===== Task data
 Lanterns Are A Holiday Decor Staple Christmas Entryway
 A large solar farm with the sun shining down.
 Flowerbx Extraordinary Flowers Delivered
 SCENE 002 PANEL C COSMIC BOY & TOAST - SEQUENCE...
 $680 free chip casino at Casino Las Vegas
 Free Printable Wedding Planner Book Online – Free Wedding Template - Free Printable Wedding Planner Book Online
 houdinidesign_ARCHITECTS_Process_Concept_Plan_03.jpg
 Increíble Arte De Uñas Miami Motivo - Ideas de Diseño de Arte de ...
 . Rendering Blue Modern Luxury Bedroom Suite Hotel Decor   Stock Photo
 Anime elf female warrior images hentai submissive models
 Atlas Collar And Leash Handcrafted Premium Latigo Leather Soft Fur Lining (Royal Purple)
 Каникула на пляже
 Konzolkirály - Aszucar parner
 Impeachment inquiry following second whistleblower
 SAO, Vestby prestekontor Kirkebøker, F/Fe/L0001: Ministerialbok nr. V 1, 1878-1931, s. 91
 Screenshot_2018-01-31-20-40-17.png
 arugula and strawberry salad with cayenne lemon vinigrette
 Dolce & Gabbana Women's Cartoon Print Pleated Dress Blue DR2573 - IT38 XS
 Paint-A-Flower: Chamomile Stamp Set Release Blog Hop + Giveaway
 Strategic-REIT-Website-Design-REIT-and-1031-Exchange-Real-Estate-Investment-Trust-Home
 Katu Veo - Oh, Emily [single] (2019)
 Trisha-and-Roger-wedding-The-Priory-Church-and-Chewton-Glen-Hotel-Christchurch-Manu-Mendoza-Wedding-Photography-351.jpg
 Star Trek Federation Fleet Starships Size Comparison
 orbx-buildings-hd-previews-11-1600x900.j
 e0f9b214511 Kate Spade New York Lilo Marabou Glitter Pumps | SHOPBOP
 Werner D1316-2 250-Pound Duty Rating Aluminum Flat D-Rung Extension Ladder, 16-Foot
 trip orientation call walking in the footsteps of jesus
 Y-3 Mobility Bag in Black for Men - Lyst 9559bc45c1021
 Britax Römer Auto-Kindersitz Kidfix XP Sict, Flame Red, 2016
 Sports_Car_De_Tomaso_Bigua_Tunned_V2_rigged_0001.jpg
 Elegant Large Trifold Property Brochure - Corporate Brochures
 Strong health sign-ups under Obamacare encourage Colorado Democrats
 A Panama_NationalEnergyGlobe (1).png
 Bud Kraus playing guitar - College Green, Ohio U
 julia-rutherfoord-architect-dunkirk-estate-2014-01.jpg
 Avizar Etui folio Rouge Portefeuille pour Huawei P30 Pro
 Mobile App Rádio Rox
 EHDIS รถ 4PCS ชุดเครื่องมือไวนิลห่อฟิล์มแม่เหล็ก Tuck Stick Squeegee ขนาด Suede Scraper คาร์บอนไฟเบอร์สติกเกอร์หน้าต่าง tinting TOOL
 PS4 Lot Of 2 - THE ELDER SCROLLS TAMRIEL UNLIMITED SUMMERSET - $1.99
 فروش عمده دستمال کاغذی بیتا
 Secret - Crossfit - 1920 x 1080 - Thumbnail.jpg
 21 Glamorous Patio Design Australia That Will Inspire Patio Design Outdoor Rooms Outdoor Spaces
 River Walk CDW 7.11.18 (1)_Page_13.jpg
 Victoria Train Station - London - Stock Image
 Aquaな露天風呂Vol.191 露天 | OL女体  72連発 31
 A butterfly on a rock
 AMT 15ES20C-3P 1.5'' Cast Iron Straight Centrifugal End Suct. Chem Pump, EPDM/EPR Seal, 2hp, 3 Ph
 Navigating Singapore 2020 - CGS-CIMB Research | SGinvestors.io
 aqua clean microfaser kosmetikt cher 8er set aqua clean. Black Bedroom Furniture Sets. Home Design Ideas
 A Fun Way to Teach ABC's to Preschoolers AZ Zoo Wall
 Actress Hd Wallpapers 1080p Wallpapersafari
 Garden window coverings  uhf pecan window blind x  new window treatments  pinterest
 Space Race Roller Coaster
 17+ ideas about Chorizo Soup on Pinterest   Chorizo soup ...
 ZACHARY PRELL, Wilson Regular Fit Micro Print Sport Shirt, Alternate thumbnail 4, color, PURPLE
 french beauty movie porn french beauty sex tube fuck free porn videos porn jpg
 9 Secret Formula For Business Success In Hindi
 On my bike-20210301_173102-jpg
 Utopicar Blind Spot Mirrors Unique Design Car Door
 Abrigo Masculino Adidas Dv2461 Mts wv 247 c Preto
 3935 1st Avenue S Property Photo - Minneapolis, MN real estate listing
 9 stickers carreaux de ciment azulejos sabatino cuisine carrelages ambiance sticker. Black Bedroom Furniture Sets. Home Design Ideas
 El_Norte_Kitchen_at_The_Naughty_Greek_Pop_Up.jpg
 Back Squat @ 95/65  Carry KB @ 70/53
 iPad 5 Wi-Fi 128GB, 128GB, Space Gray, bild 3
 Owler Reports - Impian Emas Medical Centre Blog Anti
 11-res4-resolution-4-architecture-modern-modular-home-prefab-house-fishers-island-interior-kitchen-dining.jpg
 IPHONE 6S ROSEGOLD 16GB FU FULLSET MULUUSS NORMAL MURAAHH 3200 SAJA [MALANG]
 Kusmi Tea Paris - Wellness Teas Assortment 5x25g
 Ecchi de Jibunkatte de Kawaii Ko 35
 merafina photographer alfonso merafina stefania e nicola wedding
==========
◆ Directions for this task
Beginning with the line holding "Mobile App Rádio Rox" and ending with the line holding "River Walk CDW 7.11.18 (1)_Page_13.jpg", write out the stretch of material above exactly; add no further lines.

◆ Result of the task
 Mobile App Rádio Rox
 EHDIS รถ 4PCS ชุดเครื่องมือไวนิลห่อฟิล์มแม่เหล็ก Tuck Stick Squeegee ขนาด Suede Scraper คาร์บอนไฟเบอร์สติกเกอร์หน้าต่าง tinting TOOL
 PS4 Lot Of 2 - THE ELDER SCROLLS TAMRIEL UNLIMITED SUMMERSET - $1.99
 فروش عمده دستمال کاغذی بیتا
 Secret - Crossfit - 1920 x 1080 - Thumbnail.jpg
 21 Glamorous Patio Design Australia That Will Inspire Patio Design Outdoor Rooms Outdoor Spaces
 River Walk CDW 7.11.18 (1)_Page_13.jpg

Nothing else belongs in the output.